Я не скажу того же про новый закон. Я не скажу того же про христиан. Сколько примеров терпения (втайне гордящегося тем, что оно — терпение), (и победило нетерпение), (и победило гнев) — всего лишь наклон спины, чтобы избежать удара. Сколько примеров терпения — не более чем самое искусное, самое безупречное мошенничество с болью, то есть с испытанием, то есть со спасением, равно как и другое терпение (то же самое), которое есть самое искусное и самое неуязвимое мошенничество против племени.
Сколько примеров терпения — всего лишь обезболивающие ухищрения, приемы непробиваемой обороны от боли, от испытания, от спасения; от Бога. Угрюмые и скрытые отречения от самого звания человека. Плоскости, рассчитанные на то, чтобы судьба прошла поверху и никоим образом не зацепила свою добычу. Угрюмые и глухие и скрытые подравнивания, делающиеся для того, чтобы Сам Бог промахнулся.
[
Газета — величайшее изобретение со времен сотворения мира и безусловно — со времен сотворения души, потому что оно касается, оно затрагивает само основание души. Газета, второе творение. Духовное. Или, вернее, начало, отправная точка раз-творения. Духовного.
Отправная точка второго творения. Или, вернее, отправная точка вырождения, искажения, изменения, которое на деле представляет собой начало раз-творения. Во всяком случае — раз-творения высшего, существенного, центрального, глубокого творения, то есть творения духовного. А в нем, через него, и остальных. И тут надо объясниться внятно.
Я убежден, что есть газеты хорошие и газеты плохие. Прежде всего — что есть плохие. И что есть также хорошие и плохие одновременно. В разных пропорциях. Допускаю, что тут есть сложная градация. Допускаю, что мы составим шкалу достоинств. Так вот, я хочу сказать, что не эта шкала меня интересует.
А сама система, в которой она становится шкалой достоинств.
Я убежден, что есть хорошие и плохие издания. И, возможно, немалое число промежуточных. Хорошо то, что хорошая пресса бывает иногда, а возможно часто, плохой; но что плохая пресса никогда не бывает хорошей. Это один и тот же механизм необратимости и постоянной деградации. Проигрываешь всегда. Не выигрываешь никогда. Так вот, я говорю, что плохие газеты делают бесконечно больше зла потому, что они газеты, чем потому, что они плохие, плохая пресса делает бесконечно больше зла потому, что она пресса, чем потому, что она плохая. Здесь мы наконец встречаемся с нашим Бергсоном: плохая готовая идея бесконечно опаснее потому, что она готовая, чем потому, что она плохая; ложная готовая идея бесконечно опаснее потому, что она готовая, чем потому, что она ложная.

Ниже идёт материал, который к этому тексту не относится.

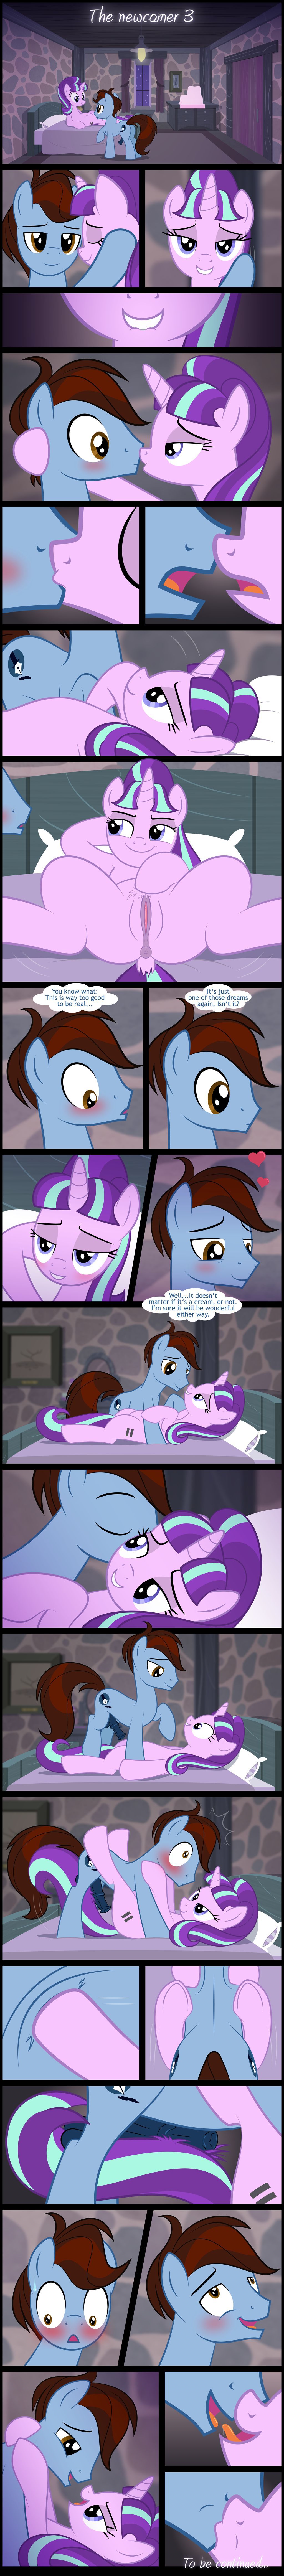 [Culu-Bluebeaver] The Newcomer (My Little Pony: Friendship is Magic) 4

В этом смысле изобретение газеты без сомнения составляет эпоху, отмечает важную дату от начала мира, и эта дата и есть дата начала раз-творения. Есть нечто похуже, чем иметь дурные мысли. Это иметь готовые мысли. Есть нечто похуже, чем иметь дурную душу и даже чем делать себе дурную душу. Это иметь готовую душу. Есть нечто похуже, чем даже иметь извращенную душу. Это иметь привычную душу.
Мы видели, как непостижимые игры благодати и непостижимая милость благодати проникает в дурную душу и даже в извращенную душу и спасают то, что казалось погибшим. Но никто не видел, чтобы можно было смочить то, что покрыто лаком, проникнуть в то, что непроницаемо, пропитать то, что привычно.
Исцеления и победы и спасения, которых добивается благодать, чудесны, и мы видели, как она побеждает и спасает то, что (казалось) потеряно. Но наихудшее отчаяние, наихудшая низость, подлости и преступления, но сам грех — это зачастую брешь в броне человека, брешь в его панцире, через которую благодать может проникнуть сквозь панцирь человеческой жестоковыйности. Но с неорганического панциря привычки соскальзывают все, об него тупится всякий меч.